A flat file can be a plain text file that contains table data. A form of flat file is one in which table data is gathered in lines with the value from each table cell separated by a comma and each row represented with a new line. This type of flat file is also known as a comma-separated values (CSV) file. An alternative is a tab-delimited file where each field value is separated from the next using tabs.
The following sections describe various options for importing flat files. The ultimate goal is to convey, “translate”, them into an R data.frame.
What are we going to import?
For illustration purposes we use the Happiness dataset. It is based on the European quality of life survey with questions related to income, life satisfaction or perceived quality of society. The file is quite small but enough to sharpen your importing skills. It provides the average rating for the question “How happy would you say you are these days?”. Rating 1 (low) to 10 (high) by country and gender.
## Country Gender Mean N.
## 1 AT Male 7.3 471
## 2 Female 7.3 570
## 3 Both 7.3 1041
## 4 BE Male 7.8 468
## 5 Female 7.8 542
## 6 Both 7.8 1010
## 7 BG Male 5.8 416
## 8 Female 5.8 555
## 9 Both 5.8 971
## 10 CY Male 7.8 433
Let’s get going… the utils
We start with the utils
package. This package is loaded by default when you start your R session. This means that you can access its functions without further due. Here, we are interested in three of them:
read.table()
, read.csv()
, and read.delim()
.
Reading data with read.table()
Reads a file in table format and creates an R data.frame from it, with cases corresponding to rows and variables to columns. Let’s see how it works for our dataset.
happiness <- read.table("happiness.csv")
head(happiness)
## V1
## 1 Country,Gender,Mean,N=
## 2 AT,Male,7.3,471
## 3 ,Female,7.3,570
## 4 ,Both,7.3,1041
## 5 BE,Male,7.8,468
## 6 ,Female,7.8,542
Not what we wanted?! This data frame contains 108 rows and 1 column instead of 105 rows and 4 columns. That’s because additional arguments need to be specified in order to tell R what it has to deal with.
happiness <- read.table(file = "happiness.csv", # path to flat file
header = TRUE, # first row lists variables' names
sep = ",", # field separator is a comma
stringsAsFactors = FALSE) # not import strings as categorical variables
Let’s take a look now
head(happiness)
## Country Gender Mean N.
## 1 AT Male 7.3 471
## 2 Female 7.3 570
## 3 Both 7.3 1041
## 4 BE Male 7.8 468
## 5 Female 7.8 542
## 6 Both 7.8 1010
str(happiness)
## 'data.frame': 105 obs. of 4 variables:
## $ Country: chr "AT" "" "" "BE" ...
## $ Gender : chr "Male" "Female" "Both" "Male" ...

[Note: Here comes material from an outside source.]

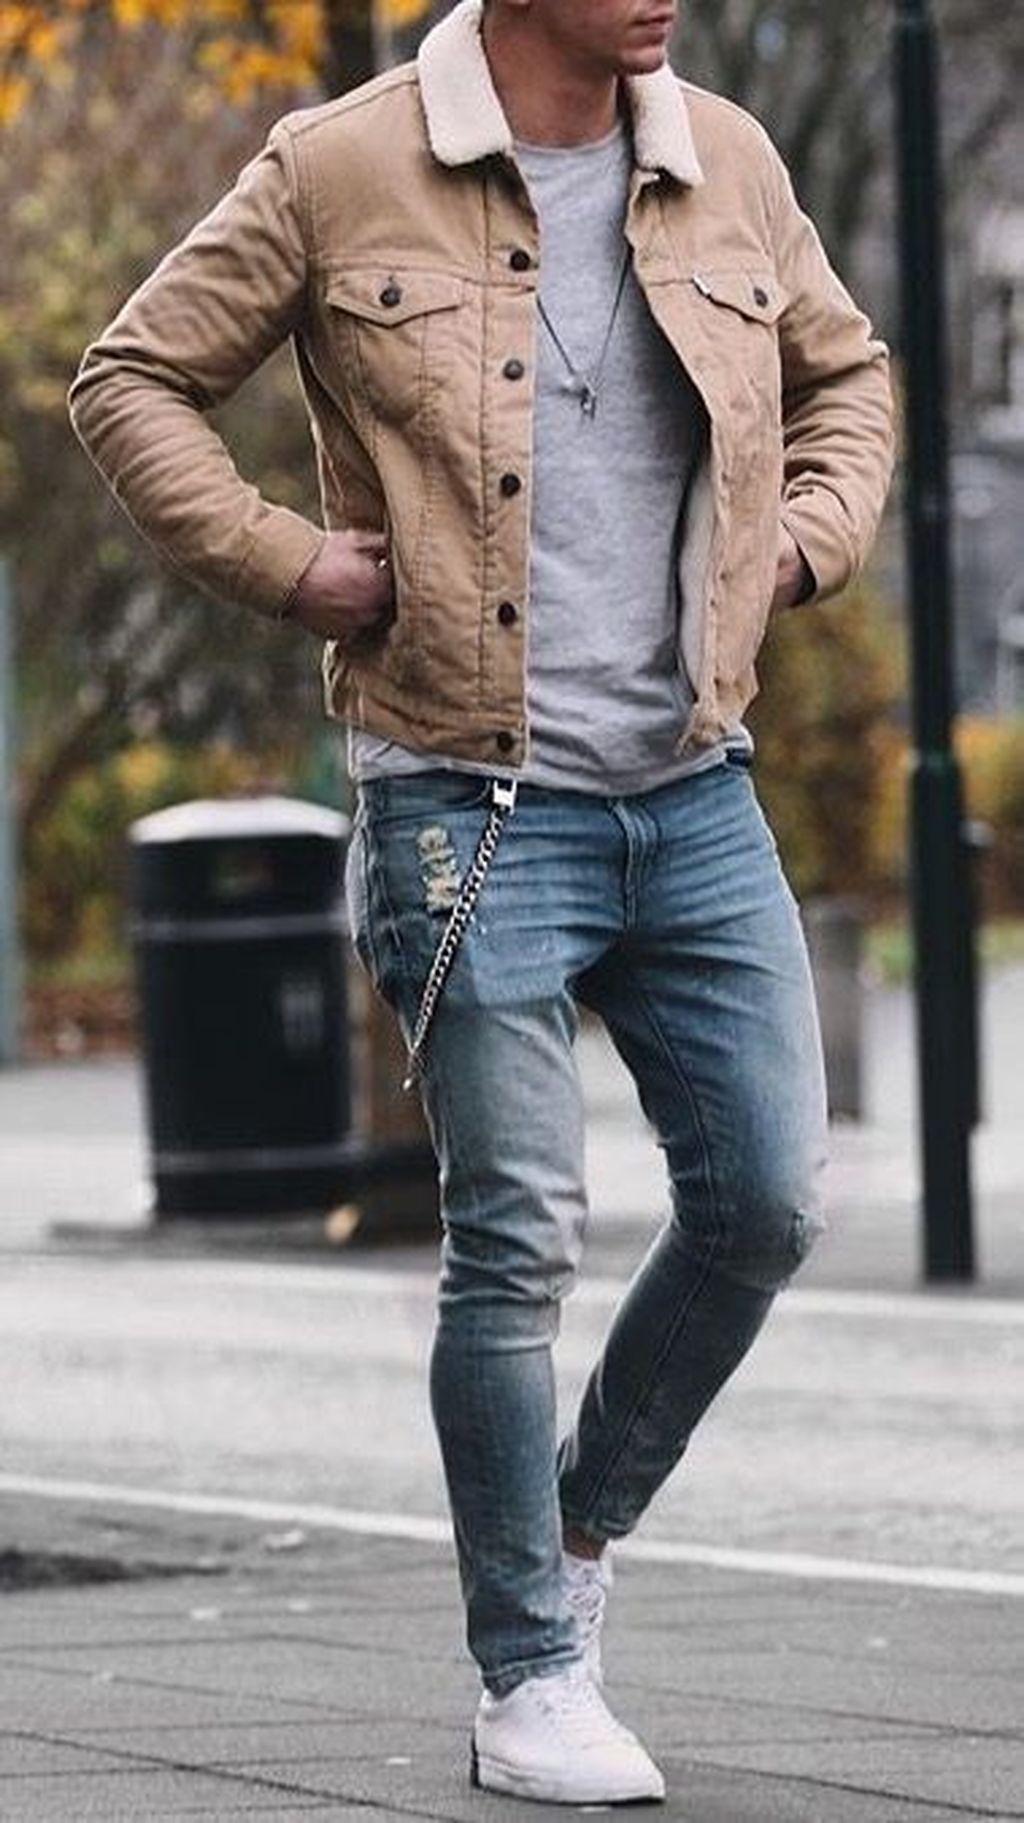 20+ Popular Outfits Ideas For Men That Looks Cool

## $ Mean : num 7.3 7.3 7.3 7.8 7.8 7.8 5.8 5.8 5.8 7.8 ...
## $ N. : int 471 570 1041 468 542 1010 416 555 971 433 ...
By specifying header = TRUE
R sees the that the first line contains the names of the variables. With stringsAsFactors = FALSE
we specify that we wanted Country
and Gender
to be character variables. The sep = ","
identifies the field separator to be a comma. There are many more arguments you can specify and each one can take many values!
For further details, consult the R documentation or type help(read.table)
on the console.
Note: In order to use
read.table()
, in same manner, you need to give the full path name of the target file if it’s not in your working directory. You can use the R Function of the Day, namelysetwd("<location of your dataset>")
, to change your working directory. The same is valid for any other function we are going to encounter in this tutorial. Alternatively, you can specify the location of the flat file insideread.table()
. Keep in mind that the specification of the file is platform dependent (Windows, Unix/Linux and OSX).
read.table(file = "<location of your dataset>", ...)
Another option is to use
file.path()
. It constructs the path to a file from components in a platform-independent way. For example,
path <- file.path("~", "datasets", "happiness.csv")
happiness <- read.table(file = path,
header = TRUE,
sep = ",",
stringsAsFactors = FALSE)
Comment
The stringsAsFactors
argument is true by default which means that character variables are imported into R as factors, the data type to store categorical variables.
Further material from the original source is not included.